Data extract -
►
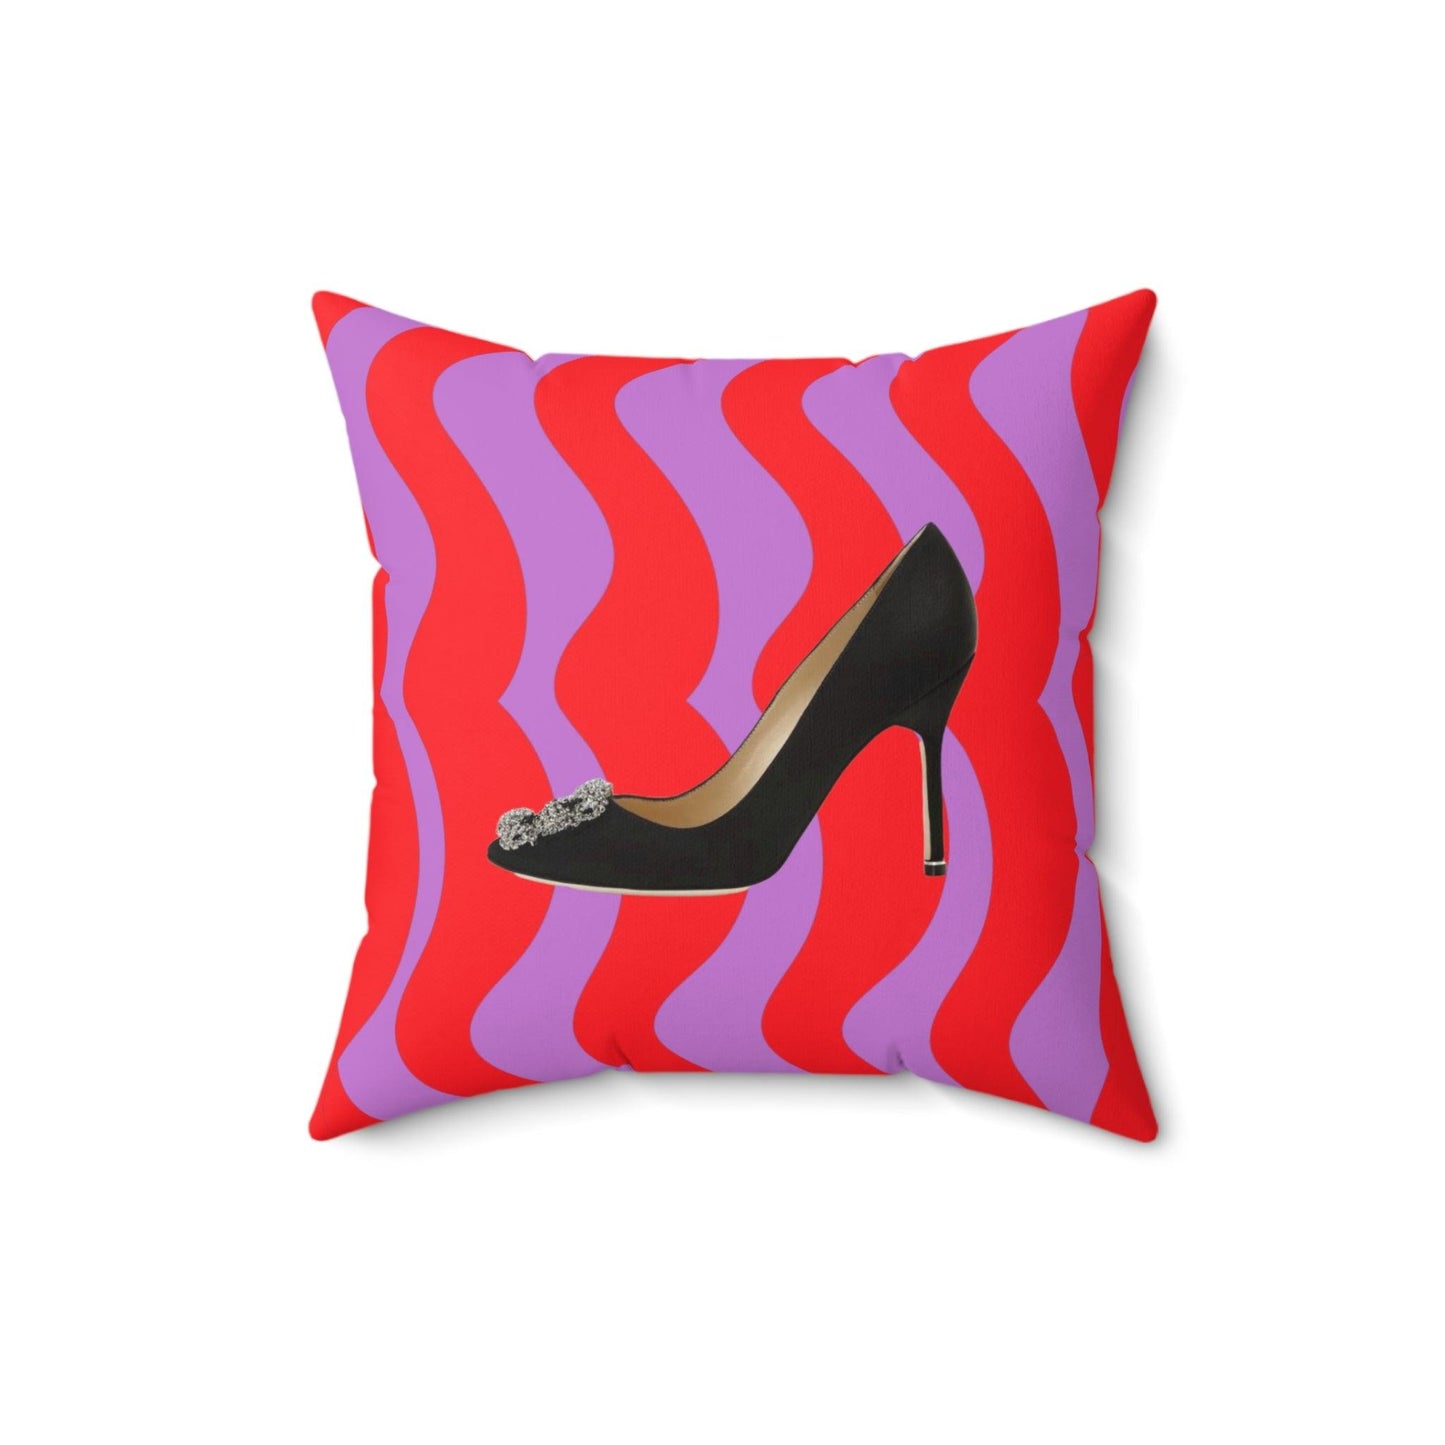 Monalo Heels Pop Inspired Accent Throw Pillow - MAIA HOMES
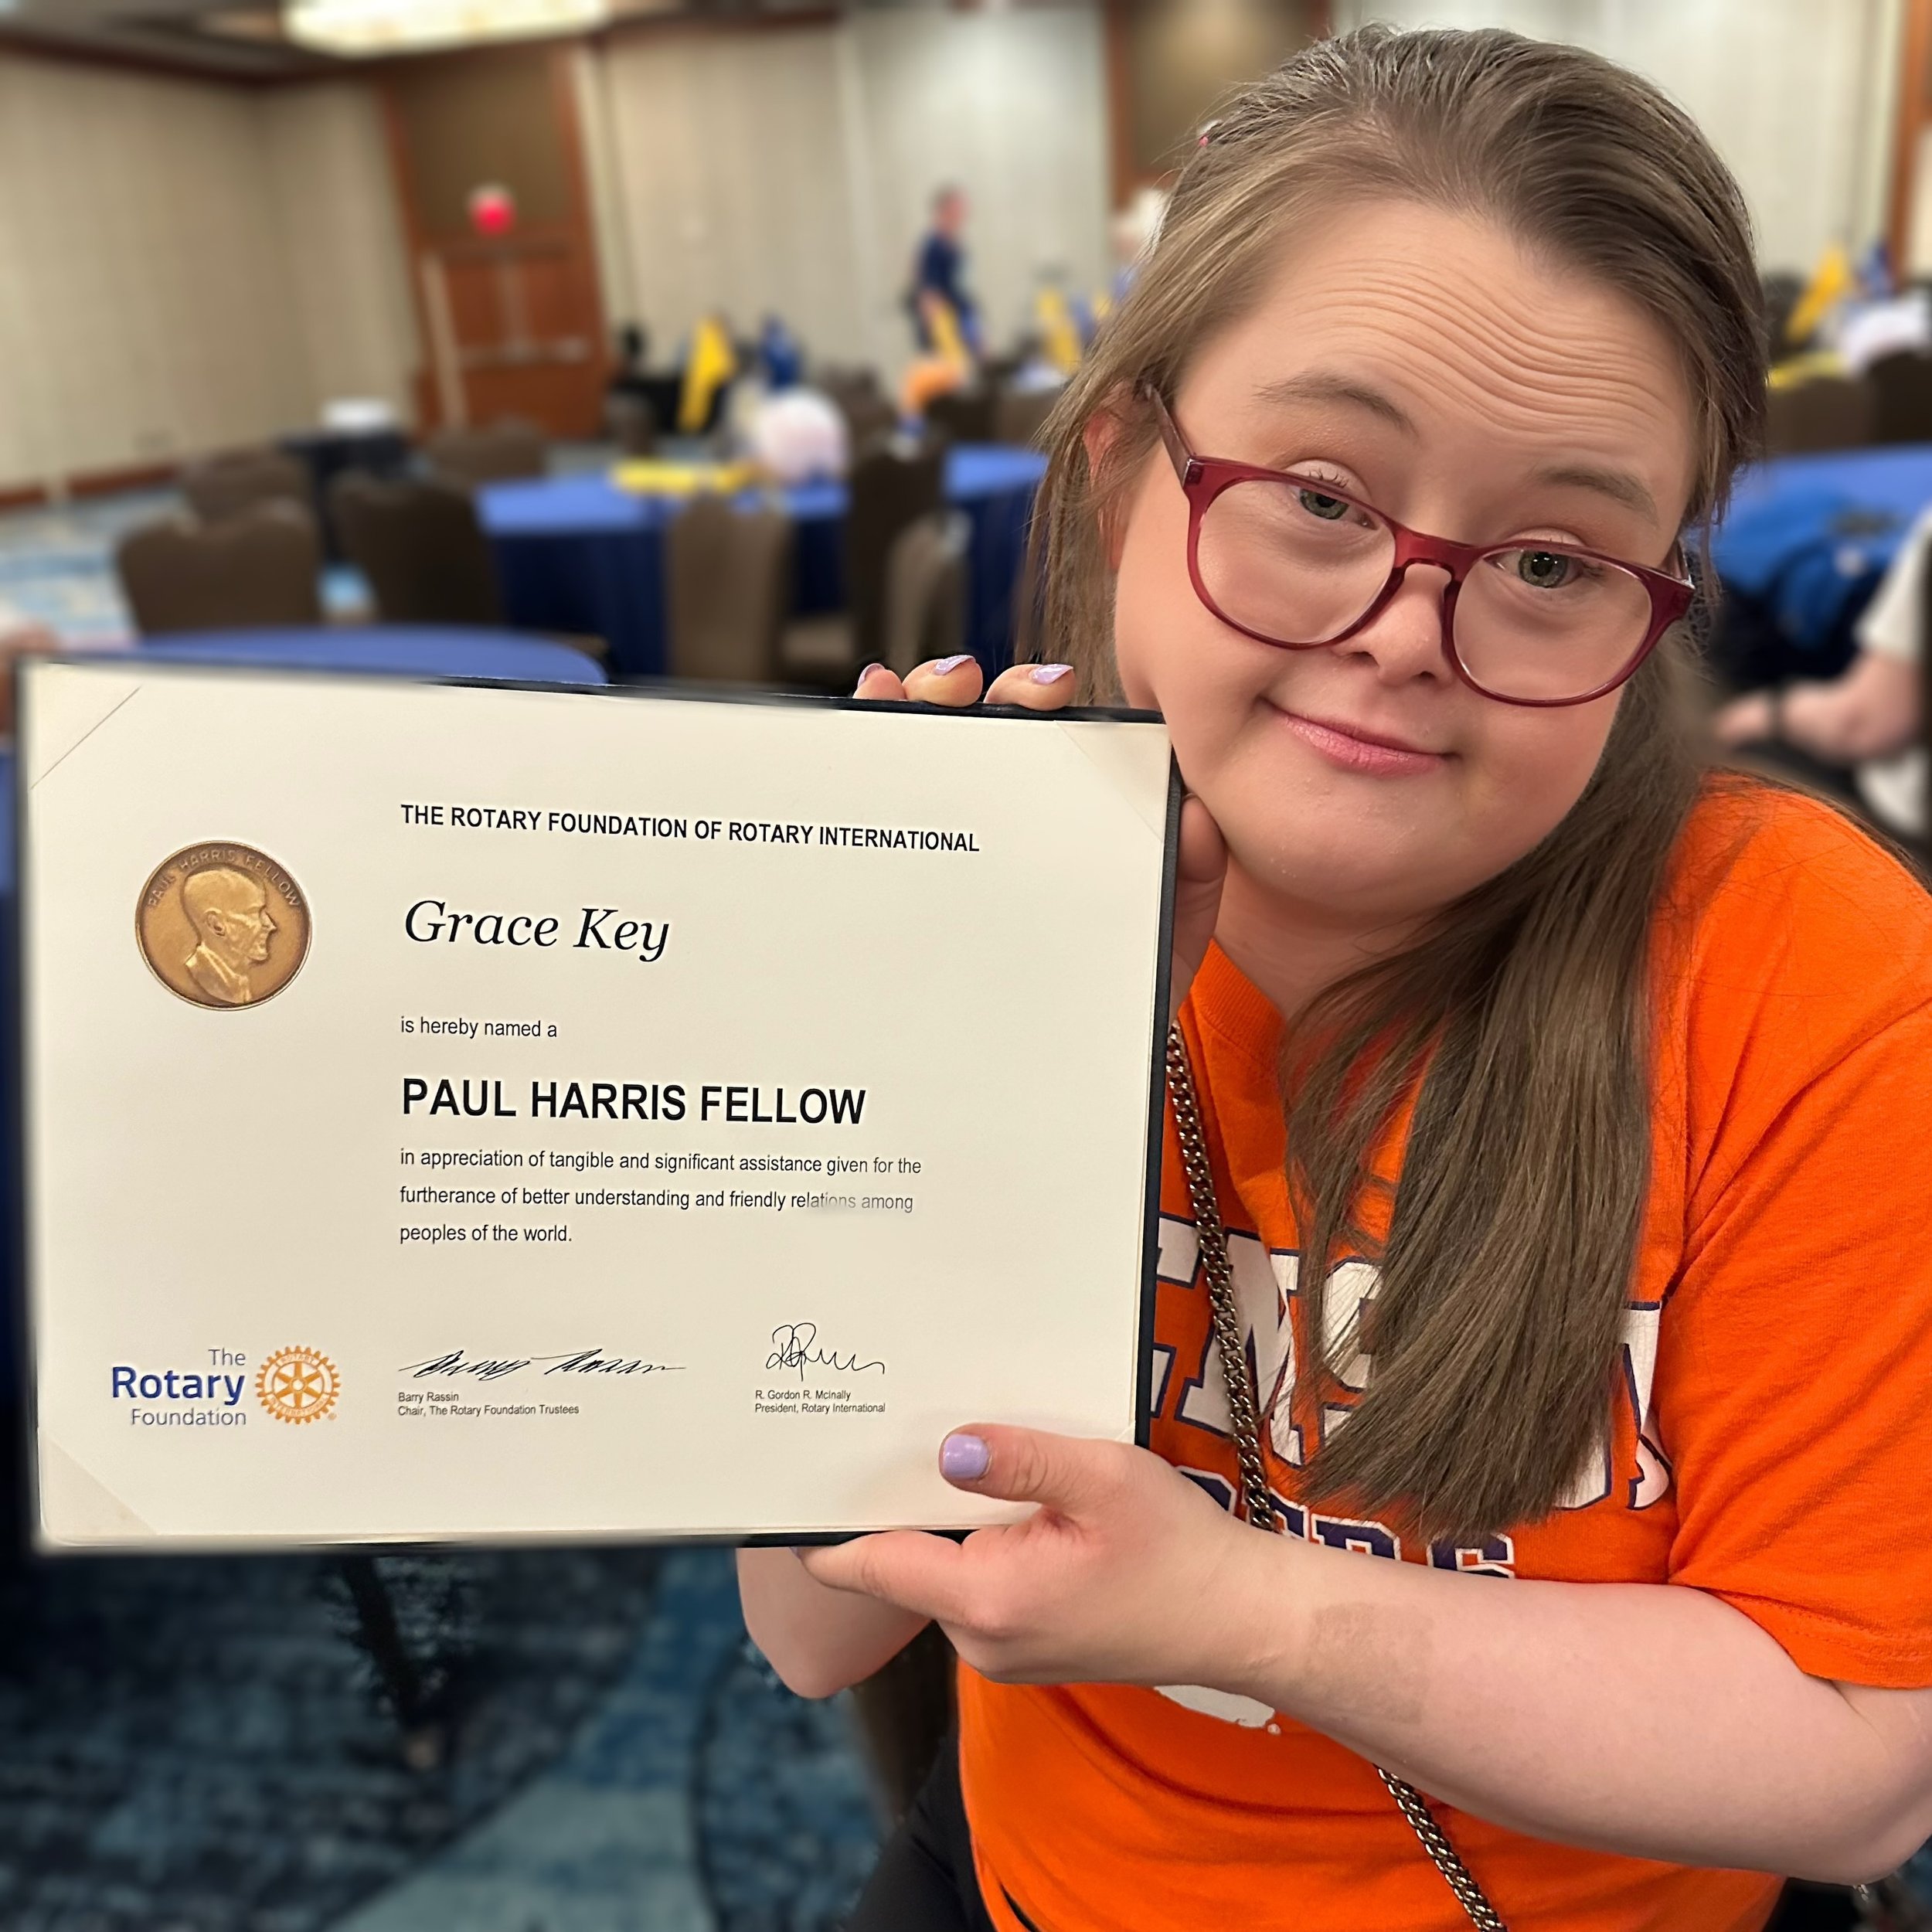 What an incredible surprise and honor for Grace to be bestowed with the Paul Harris Fellow award this weekend after she presented the keynote in Greenville, SC. 

This is seldom bestowed upon someone who is not in Rotary. It recognizes and honors ind
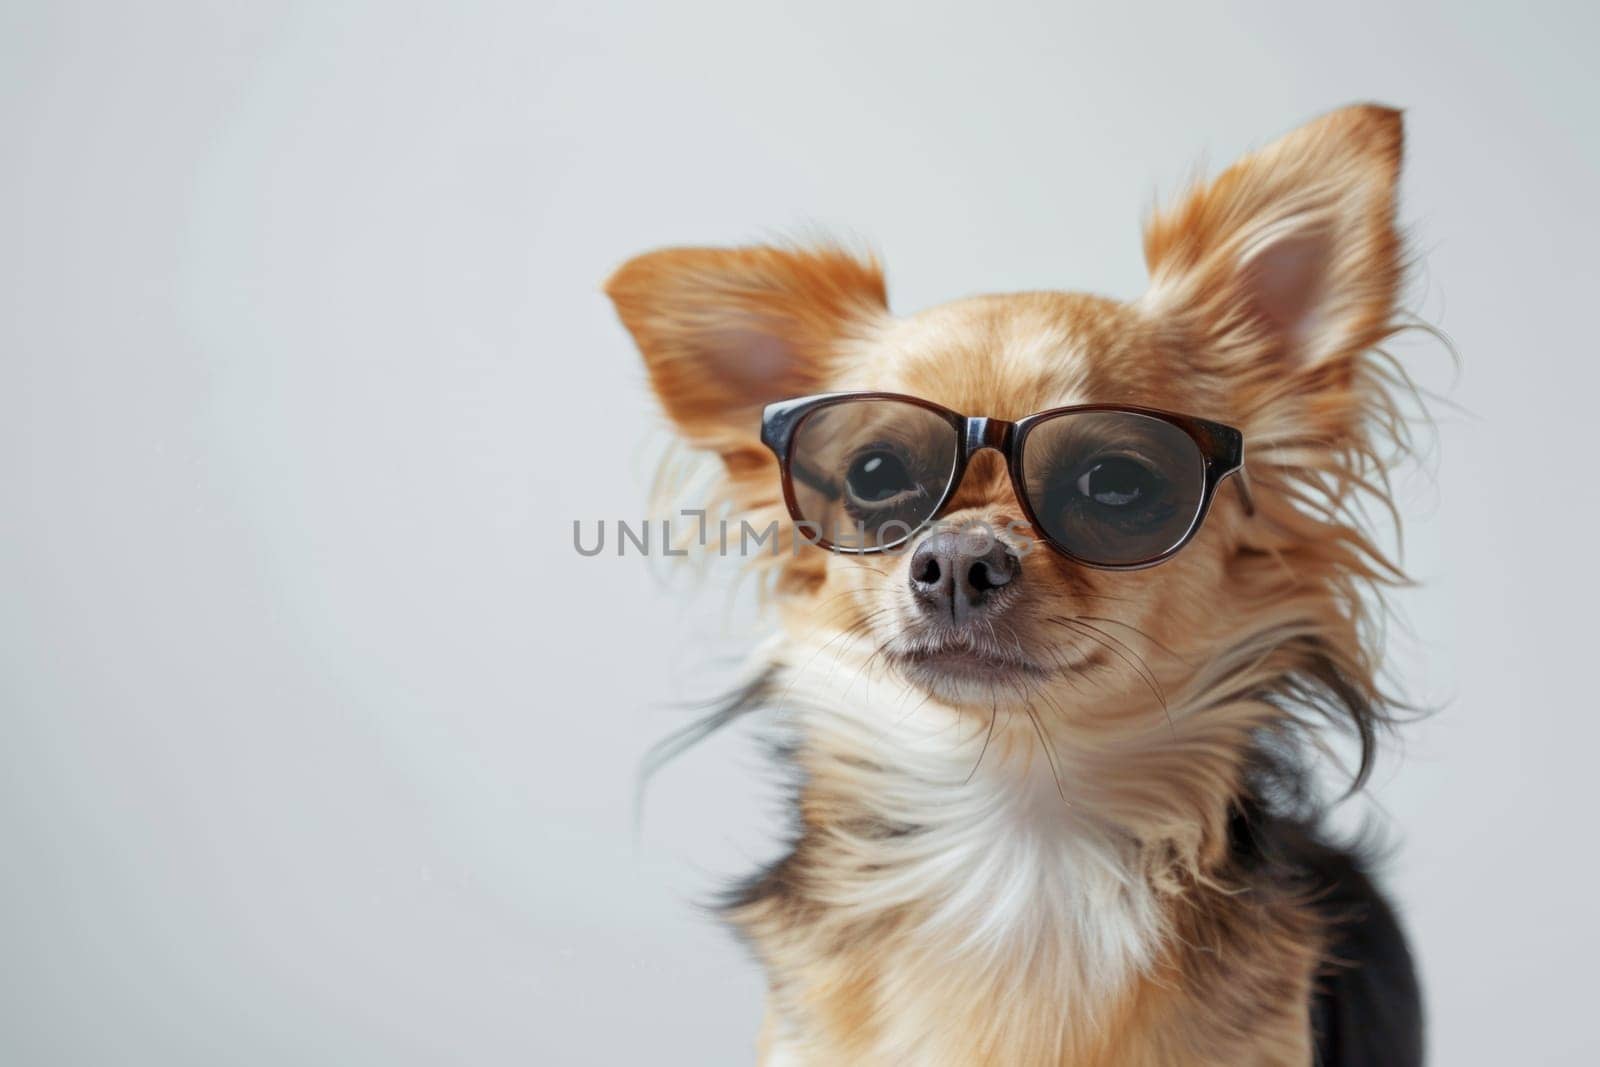 Studio shot of a smiling chihuahua dog win glasses isolated on white background with copy space.
◄
Your goal -
Reproduce the full listing verbatim so that only the pictures are missing.

Response to this exercise -
 Monalo Heels Pop Inspired Accent Throw Pillow - MAIA HOMES
 What an incredible surprise and honor for Grace to be bestowed with the Paul Harris Fellow award this weekend after she presented the keynote in Greenville, SC. 

This is seldom bestowed upon someone who is not in Rotary. It recognizes and honors ind
 Studio shot of a smiling chihuahua dog win glasses isolated on white background with copy space.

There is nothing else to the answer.